● **Assigned task**:
Only the lines from the one with "Shades sizes: 11 x 11 x 15 H" through the final line below belong in the answer, copied exactly and without pictures.

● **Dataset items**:
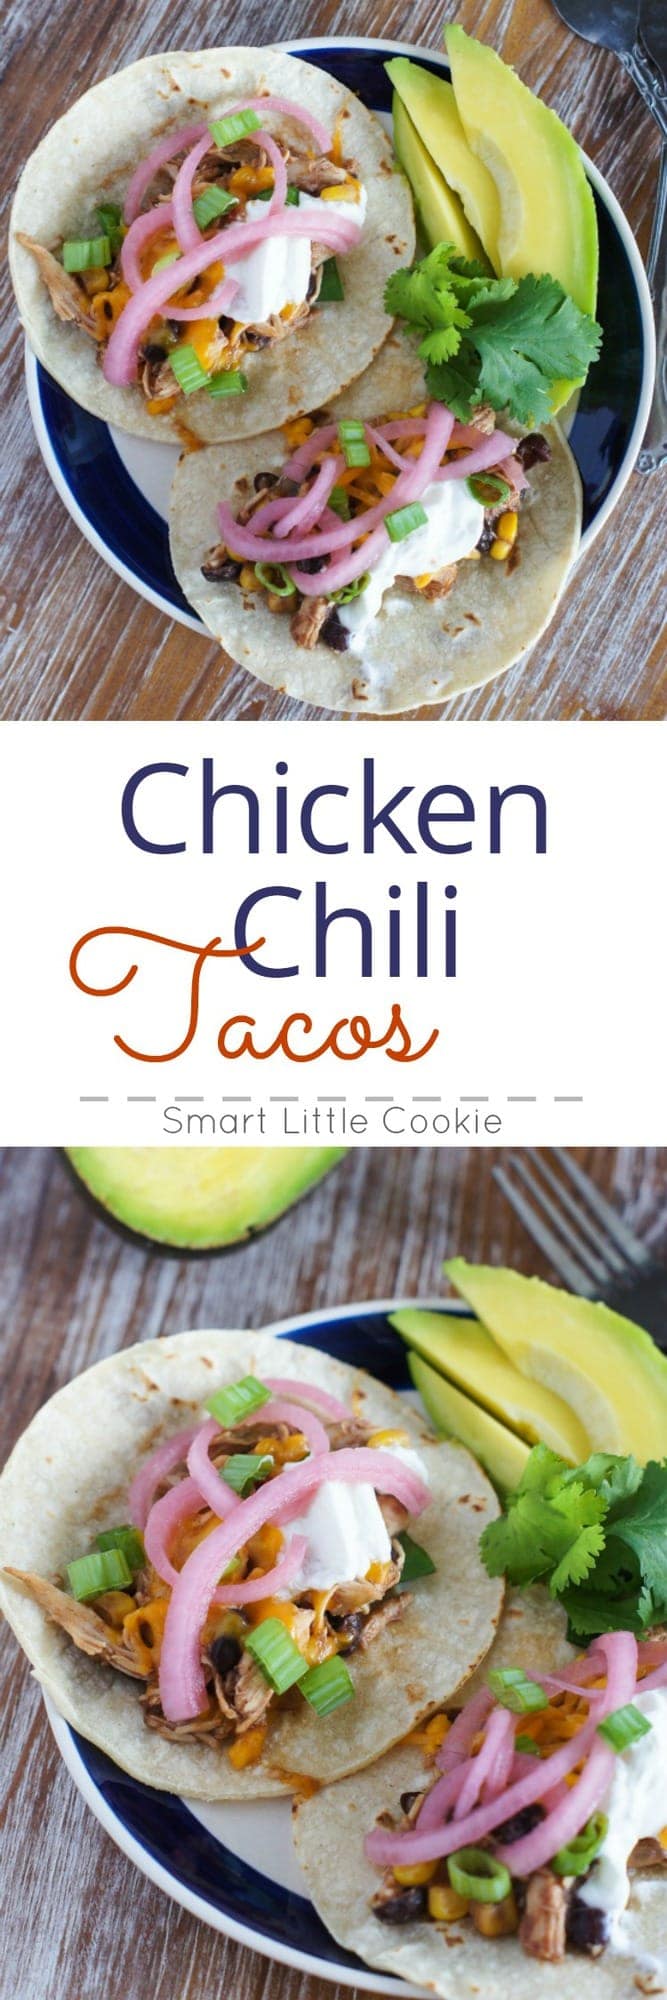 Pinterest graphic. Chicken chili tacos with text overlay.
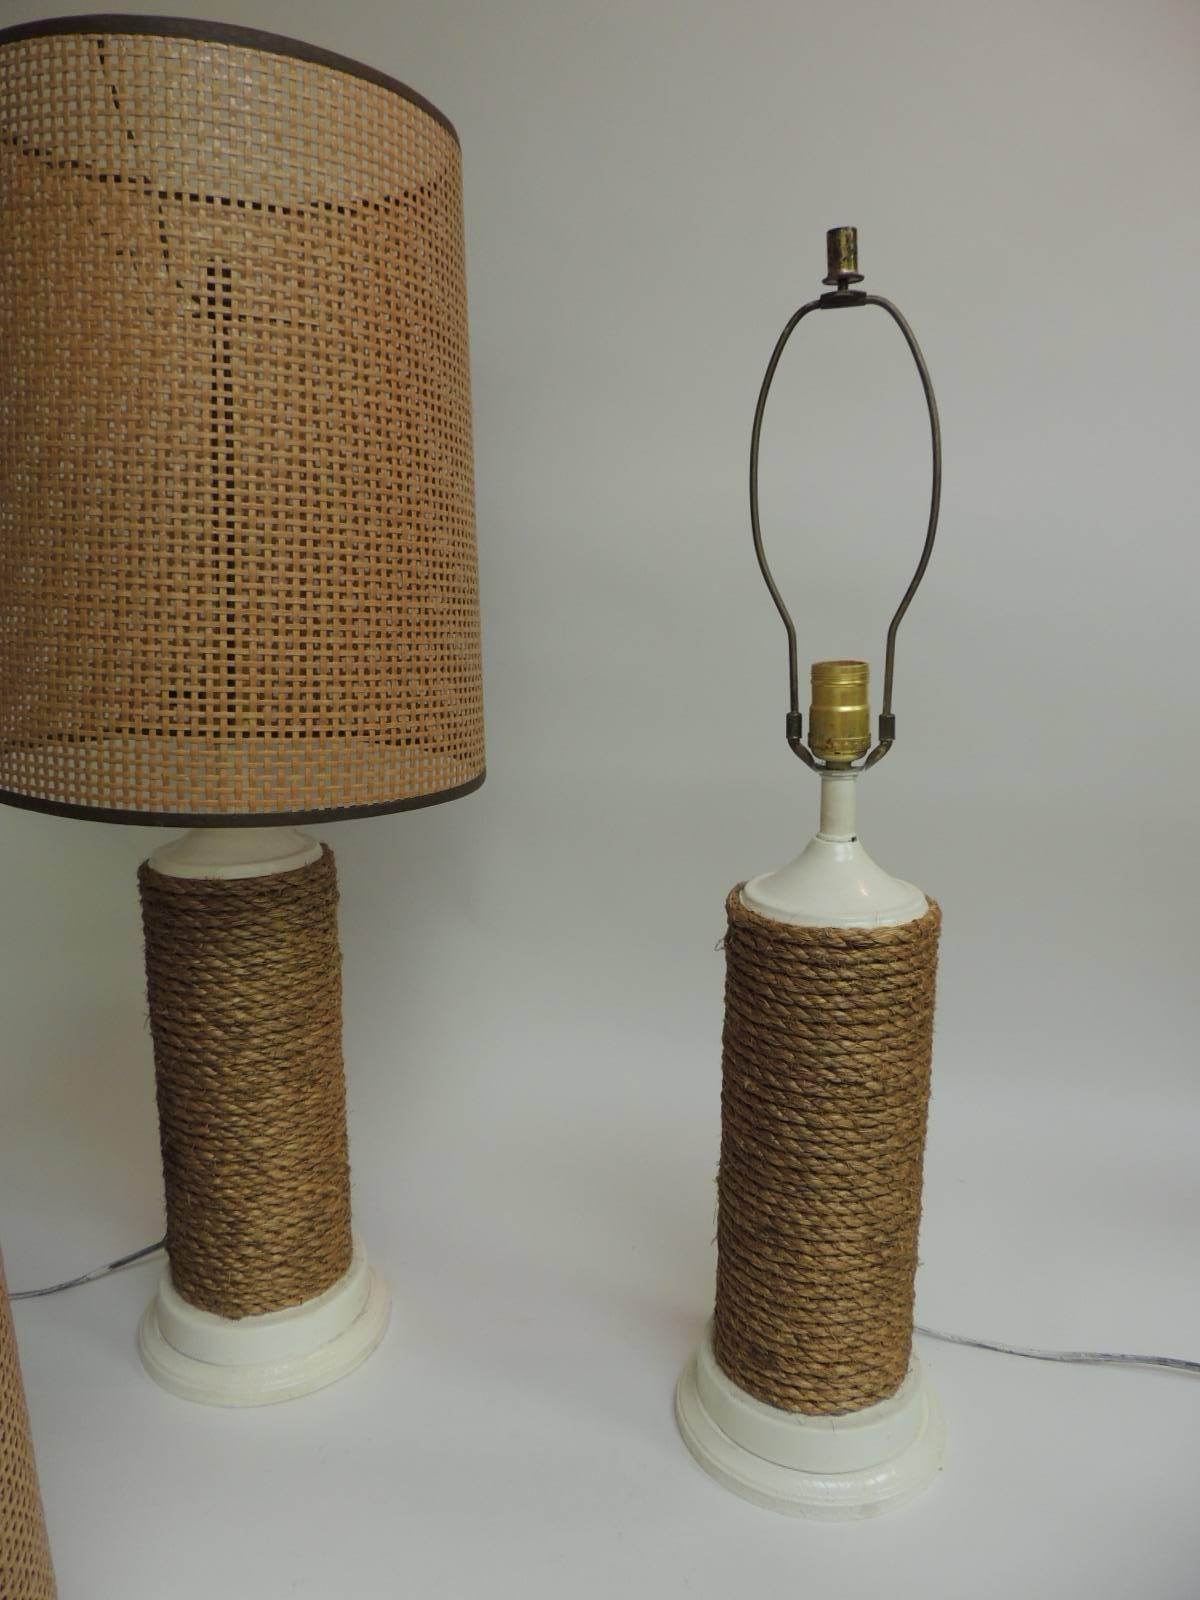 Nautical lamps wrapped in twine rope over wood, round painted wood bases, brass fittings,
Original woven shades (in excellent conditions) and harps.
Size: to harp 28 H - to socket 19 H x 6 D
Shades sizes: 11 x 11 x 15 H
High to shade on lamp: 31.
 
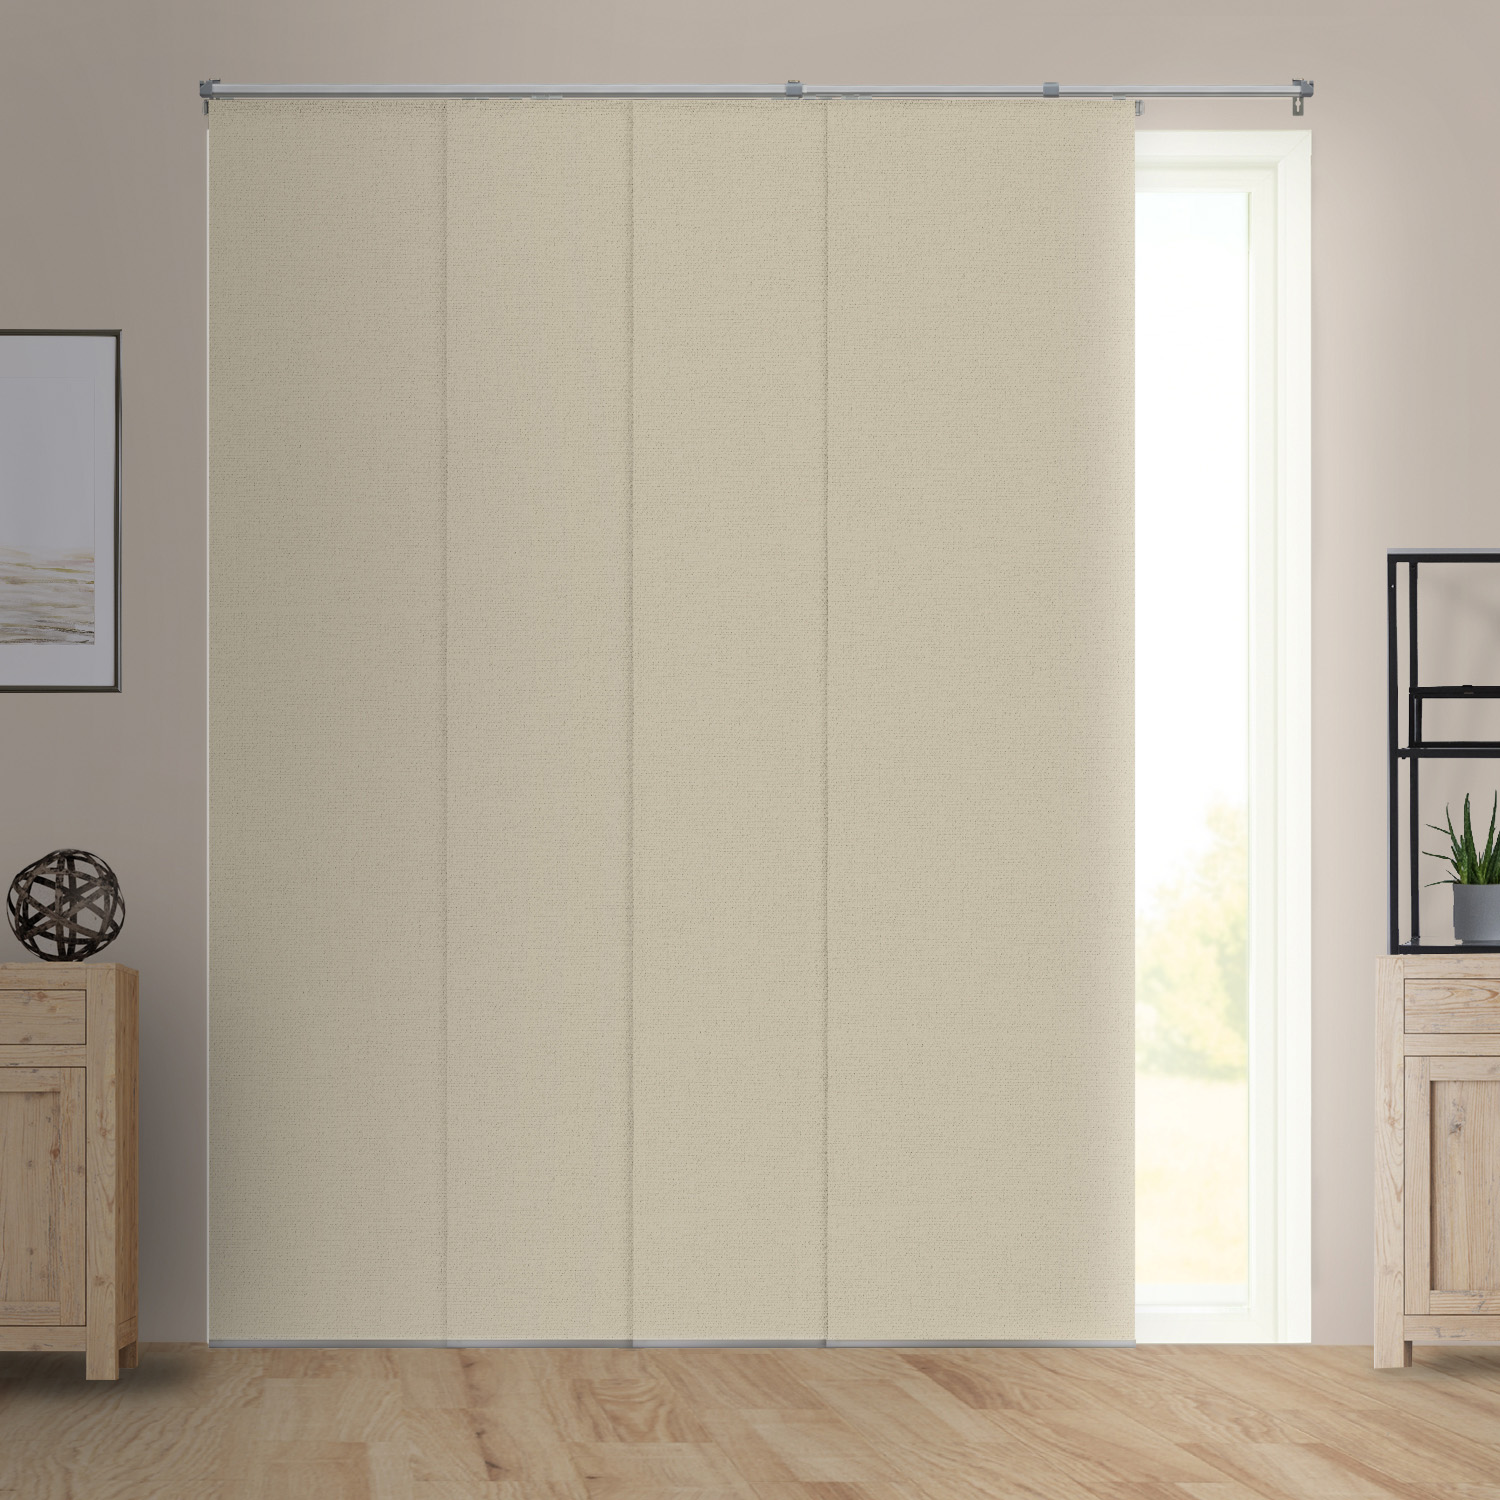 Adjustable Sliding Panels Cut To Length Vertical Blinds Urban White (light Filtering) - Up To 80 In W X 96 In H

● **Result for this task**:
Shades sizes: 11 x 11 x 15 H
High to shade on lamp: 31.
 
 Adjustable Sliding Panels Cut To Length Vertical Blinds Urban White (light Filtering) - Up To 80 In W X 96 In H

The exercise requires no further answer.